Issues in Babel

Thu Oct 19 13:23:45 CEST 2017

Ondrej Zajicek <santiago at crfreenet.org> writes:

> Hi Toke (and others)
>
> I updated Babel to use microsecond timers [1] and during testing i
> noticed several unrelated issues.

Ah, awesome, thanks for doing that! :)

> 1) Hello expiration was not properly implemented, as i understand
> RFC, it should reset the timer based on last packet hello interval
> and time-out repeatedly until hello map is zero. Fixed in [2].

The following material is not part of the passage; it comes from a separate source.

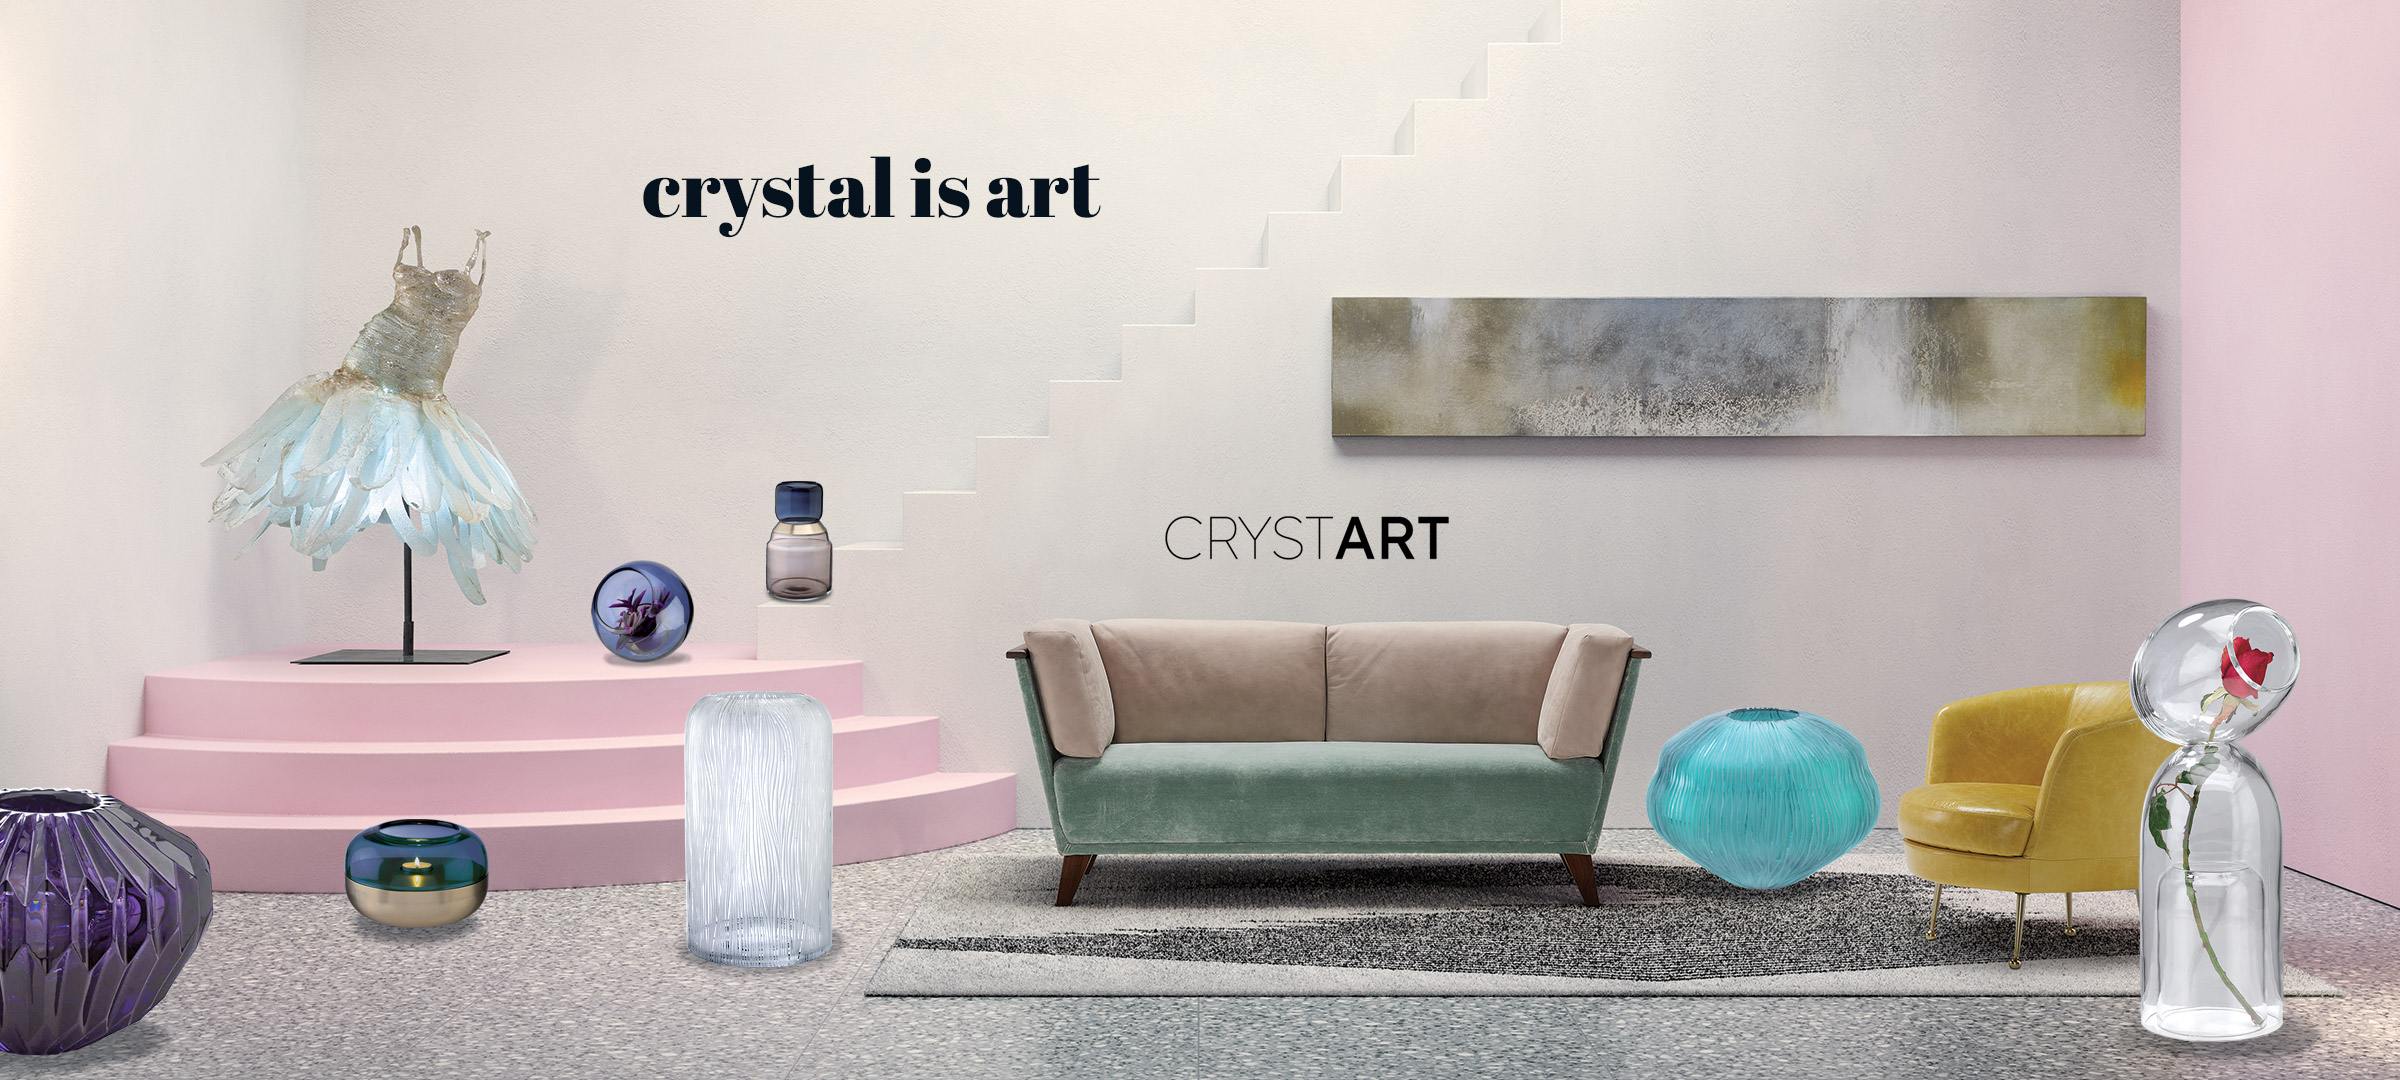 Crystart – social media marketing

Yeah, I think you are right. However, your fix doesn't apply
BABEL_HELLO_EXPIRY_FACTOR to the value stored in last_hello_int, which
is probably a bug, right?

> 2) In some setups unicast seqno requests were sent repeatedly and seqno
> was increased indefinitely due to last case in babel_handle_update(),
> when the RFC specifies it should be done only if unfeasible route would
> otherwise become best. Fixed in [3], by this condition handling all
> unicast seqno requests:
>
>   if (!feasible && (metric != BABEL_INFINITY) &&
>       (!best || (r == best) || (metric < best->metric)))
>     babel_unicast_seqno_request(e, s, nbr);
>
> It also changes the behavior by sending seqno request when receiving
> infeasible update if there is no previous route from that neighbor.

Yup, this seams reasonable as well.

>
> 3) Seems like the fix of hello expiration caused that when neighbor
> disappears, it is no longer removed timely and routes have to wait
> for route timeout, which is about a minute for 4 s hello interval.
>
> It seems that by RFC, we should recompute route metrics whanever rxcost
> reported by IHU is changed, so IHU expiration should be enough to make
> all related routes unreachable. Apparently, this is not done in BIRD.

Hmm, yeah, babel_expire_ihu() should probably do something similar to
babel_flush_neighbor(), i.e., loop through all selected routes from that
neighbor and re-run the route selection on them?

> 4) Seems like we do not trigger updates when a route update with just
> increased seqno due to forwarded unicast request is received. That also
> slows convergence. IMHO we should do in babel_handle_update() something
> like:
>
> if (route_is_selected() && matching_entry_in_seqno_request_cache())
>   babel_trigger_update()

Not sure we should use the request cache for this? We might not have
seen the request, but a downstream still needs the updated seqno; so
maybe just do something like:

diff --git a/proto/babel/babel.c b/proto/babel/babel.c
index c5d695c9..06e1d3ad 100644
--- a/proto/babel/babel.c
+++ b/proto/babel/babel.c
@@ -1219,6 +1219,11 @@ babel_handle_update(union babel_msg *m, struct babel_iface *ifa)
   }
   else
   {
+    /* Trigger an update if we get a seqno increase for a selected route, to
+       improve convergence time */
+    if (r->seqno < msg->seqno && r == best)
+      babel_trigger_update(p);
+
     /* Last paragraph above - update the entry */
     r->advert_metric = msg->metric;
     r->metric = metric;


> Do you think that my interpretation of these issues and the fixes are
> correct?

Think so, yeah; nice job. And thanks for taking the time to go over this :)

-Toke